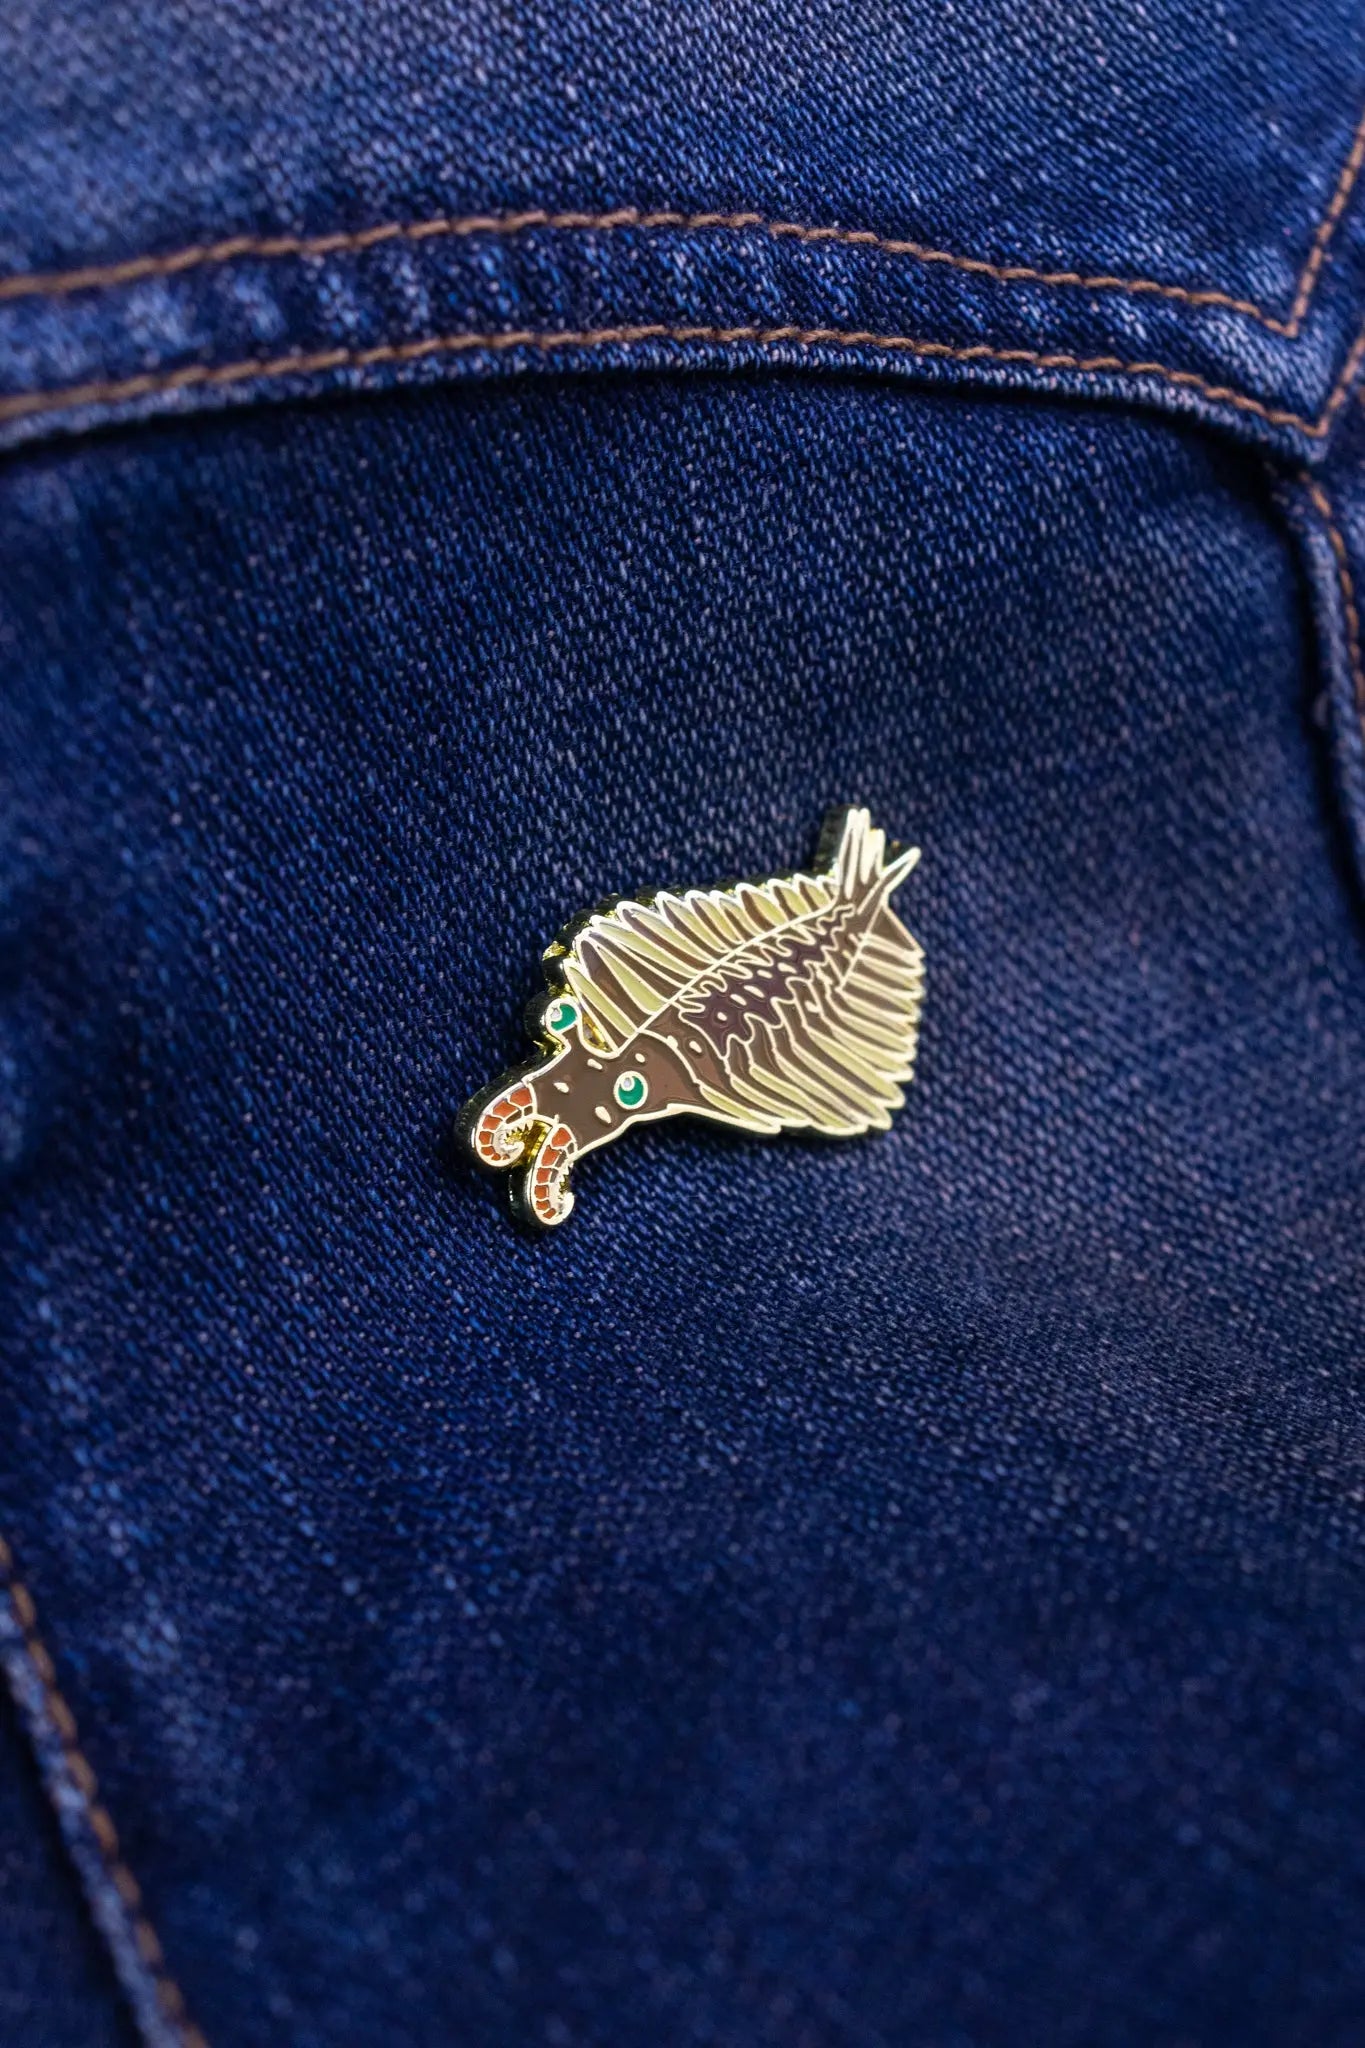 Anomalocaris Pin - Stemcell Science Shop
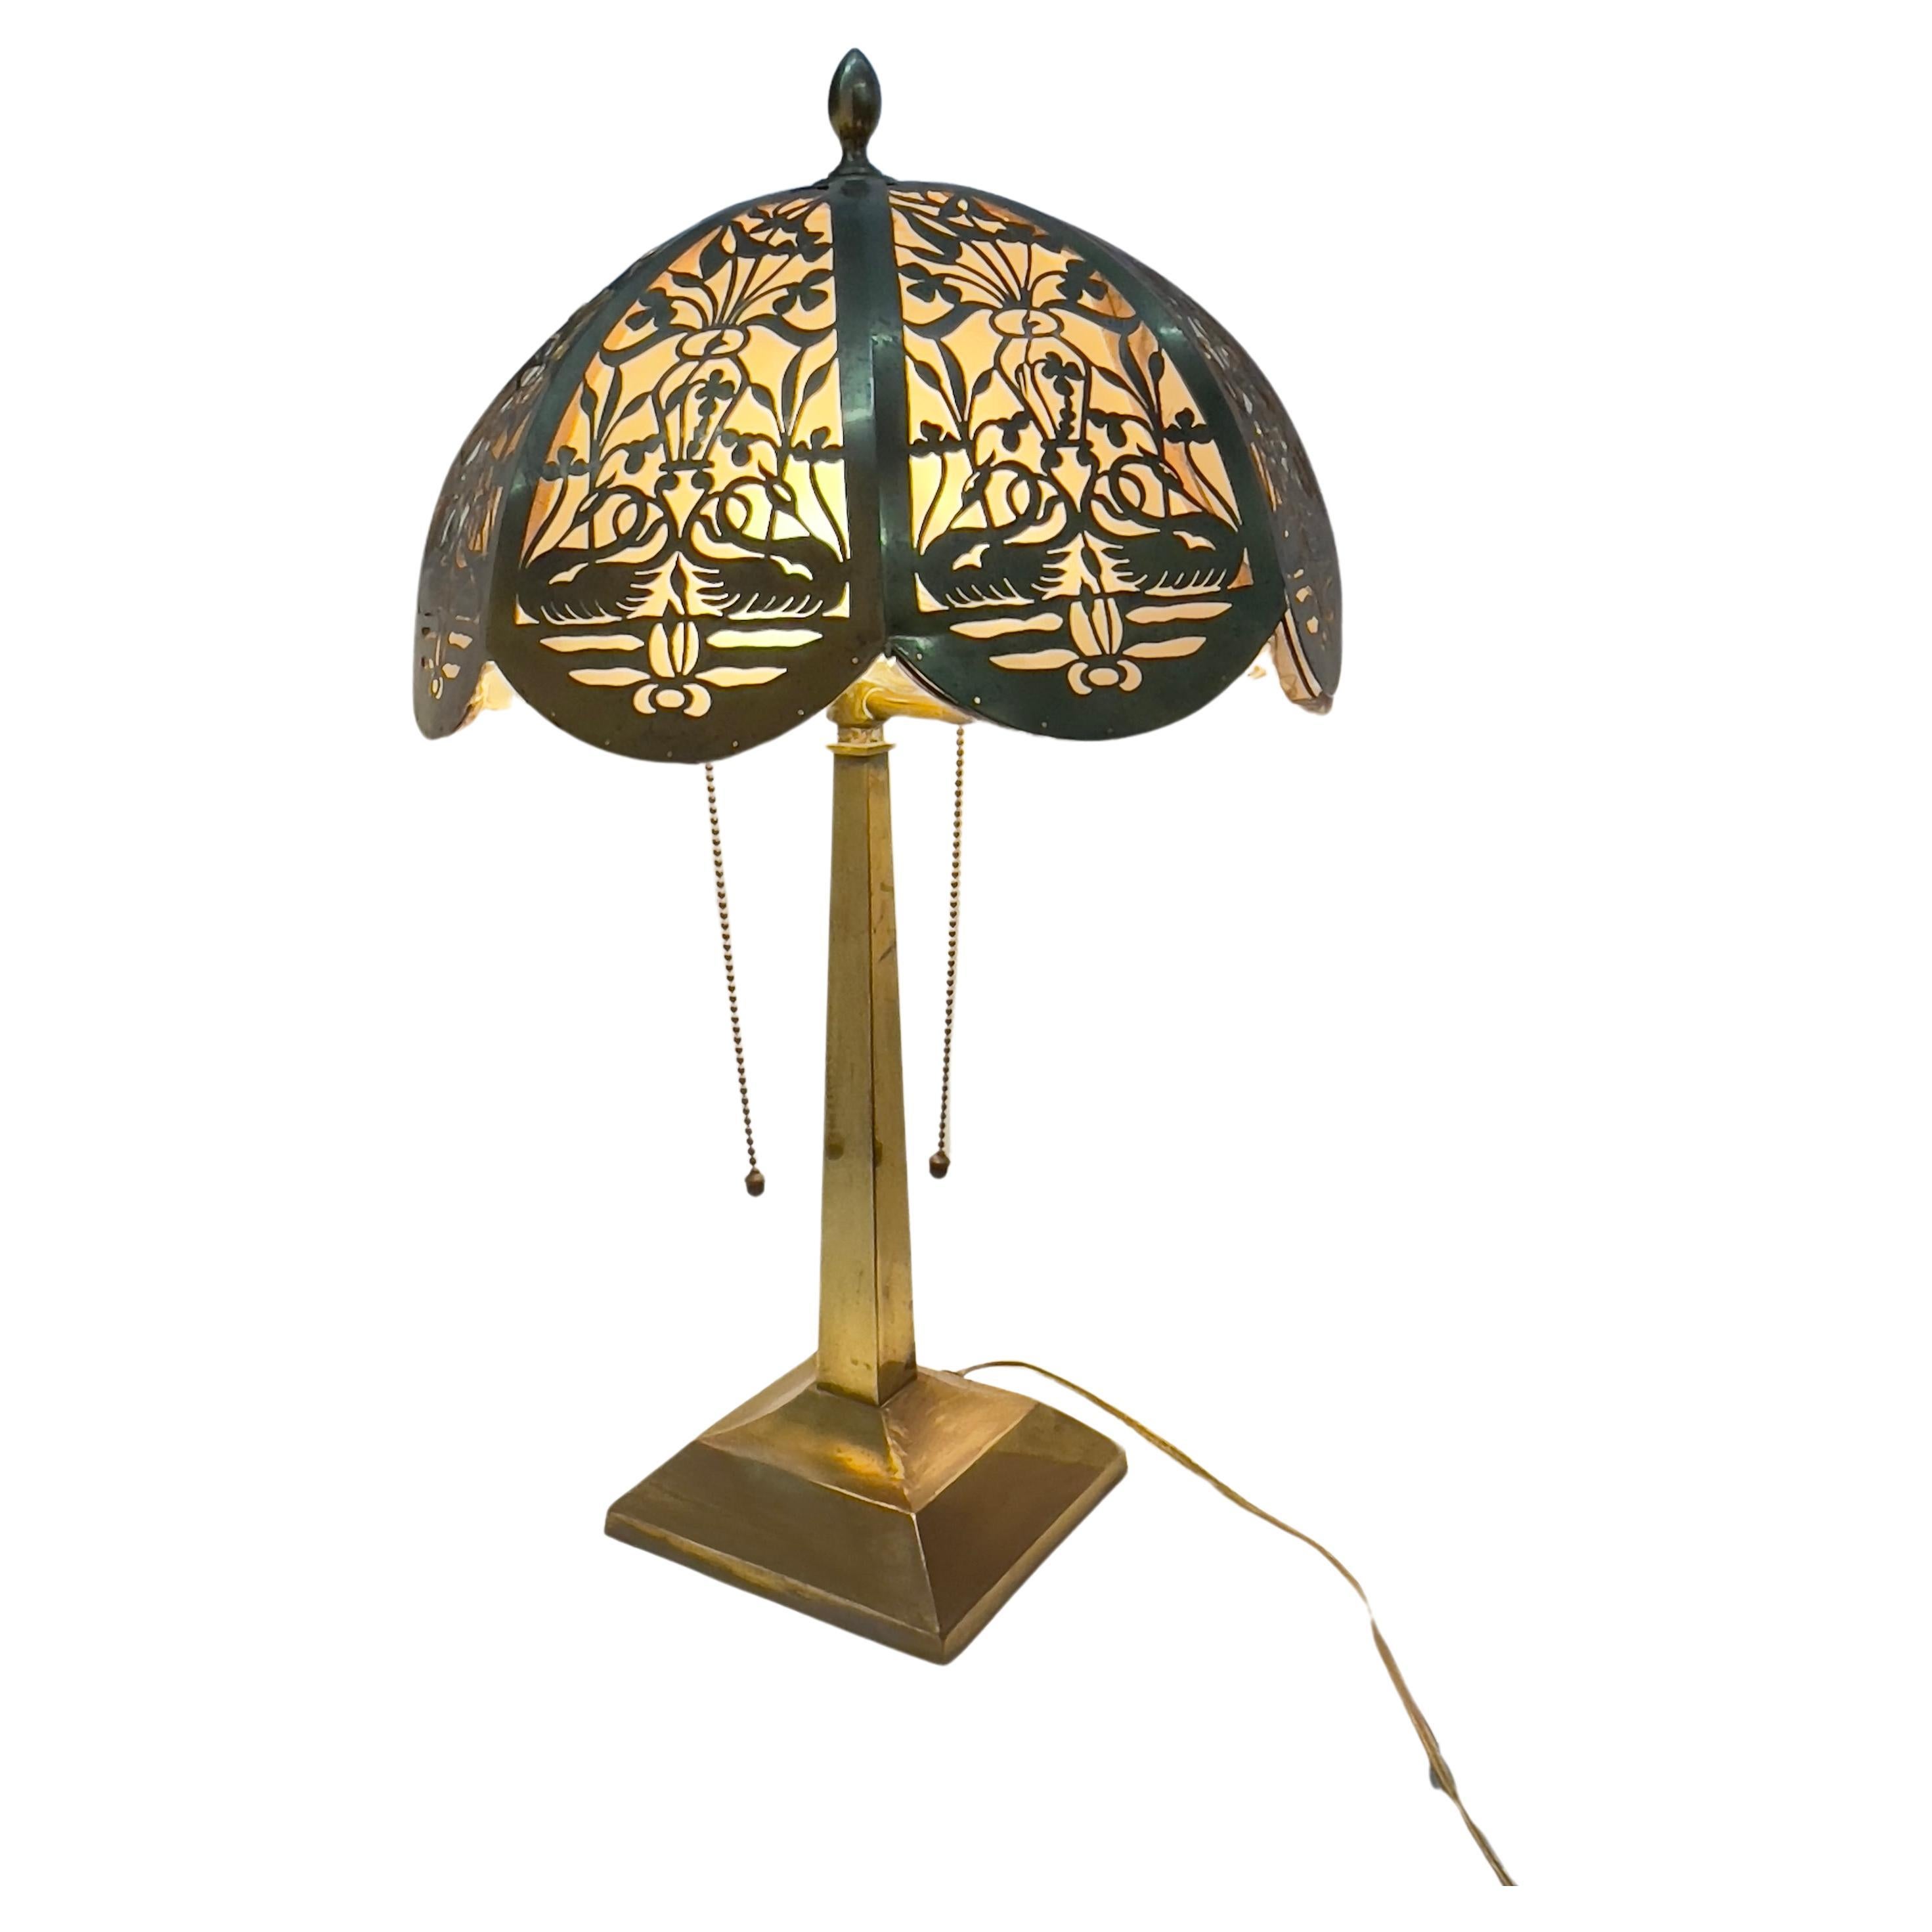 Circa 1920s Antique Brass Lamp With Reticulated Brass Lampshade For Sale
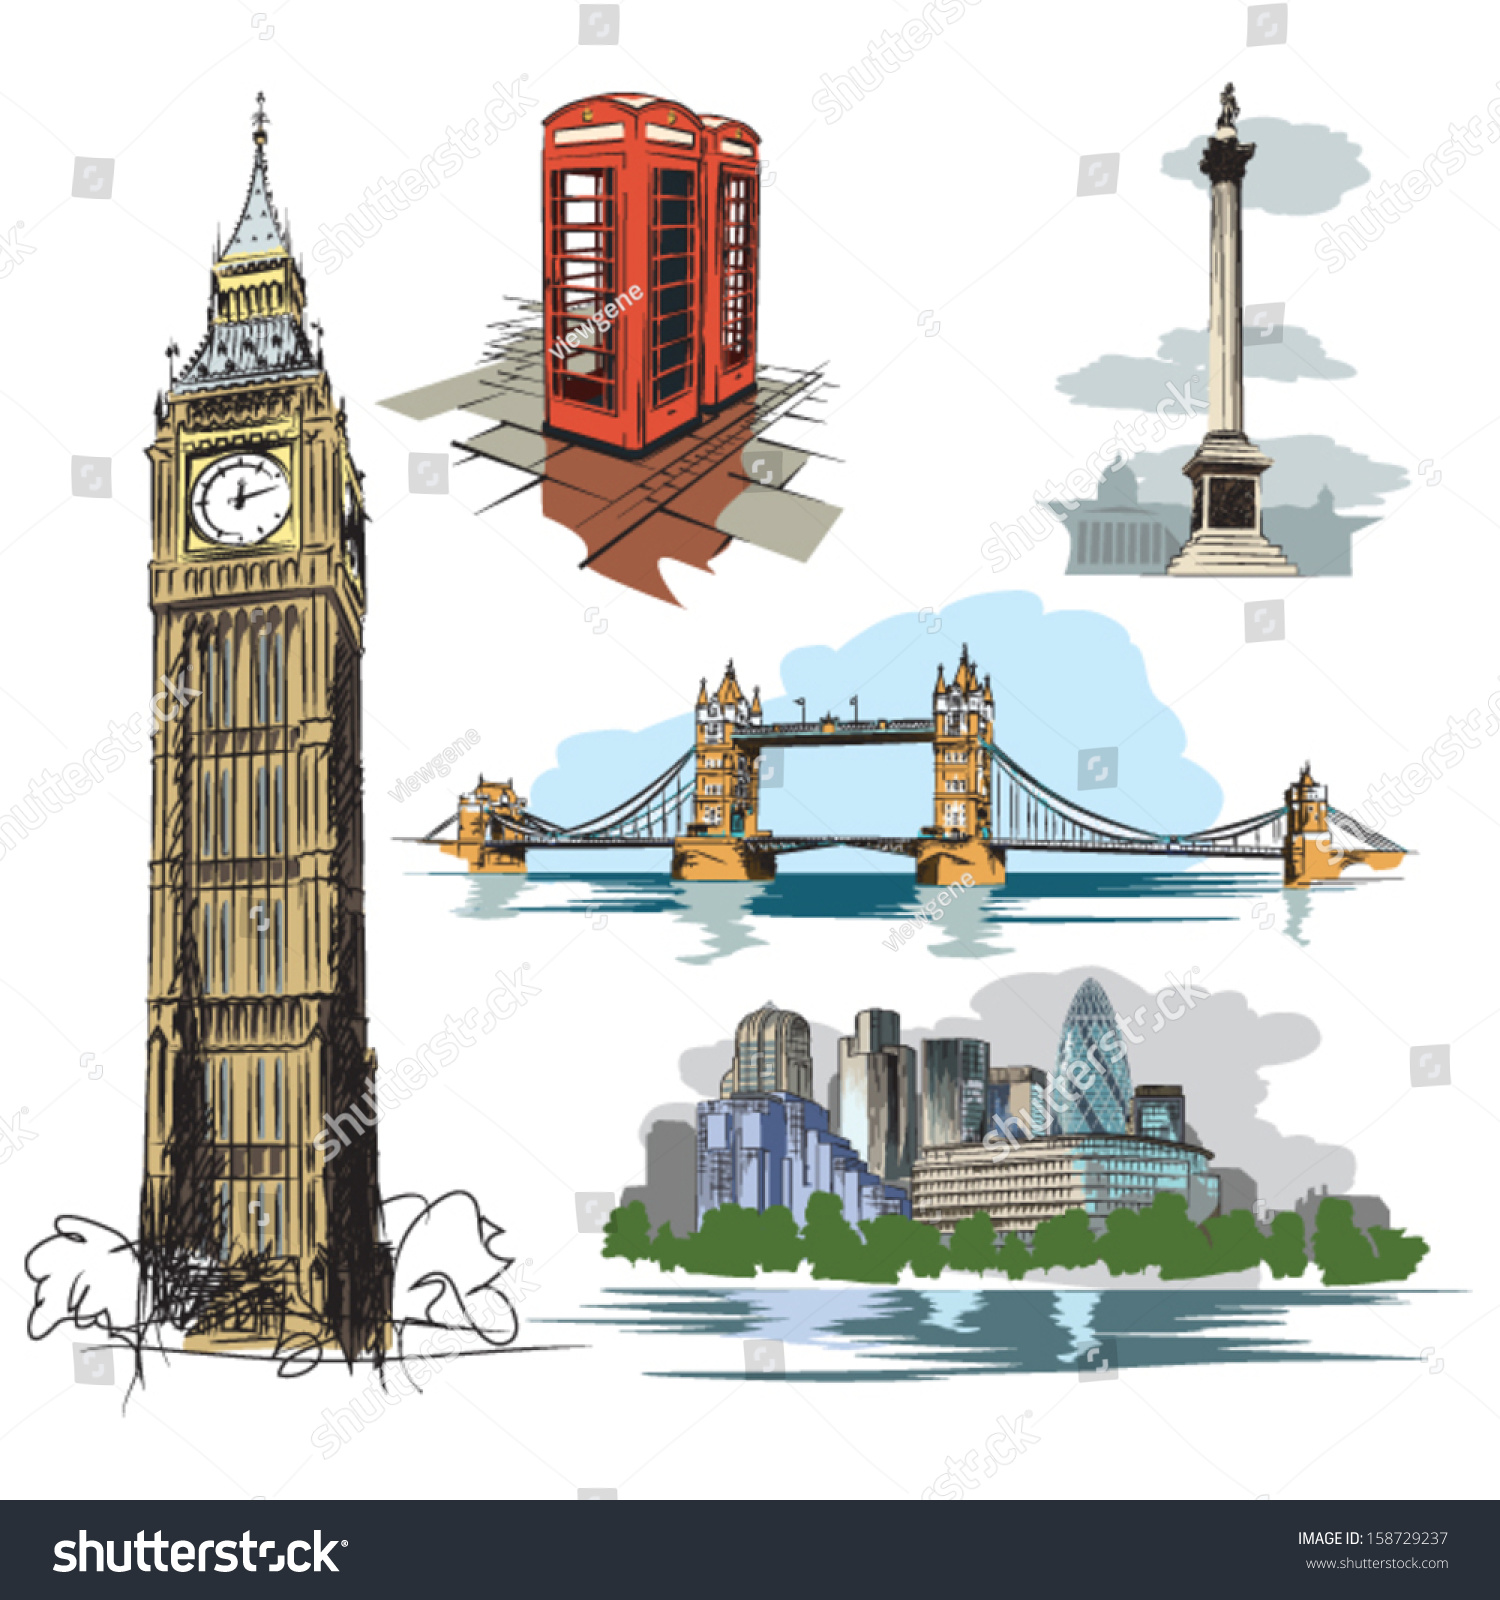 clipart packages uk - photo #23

- TASK DETAILS
The listing is to be reproduced in full and exactly, except that its pictures are to be dropped.

- RESPONSE FOR THIS EXERCISE
 Anomalocaris Pin - Stemcell Science Shop
 Circa 1920s Antique Brass Lamp With Reticulated Brass Lampshade For Sale
 clipart packages uk - photo #23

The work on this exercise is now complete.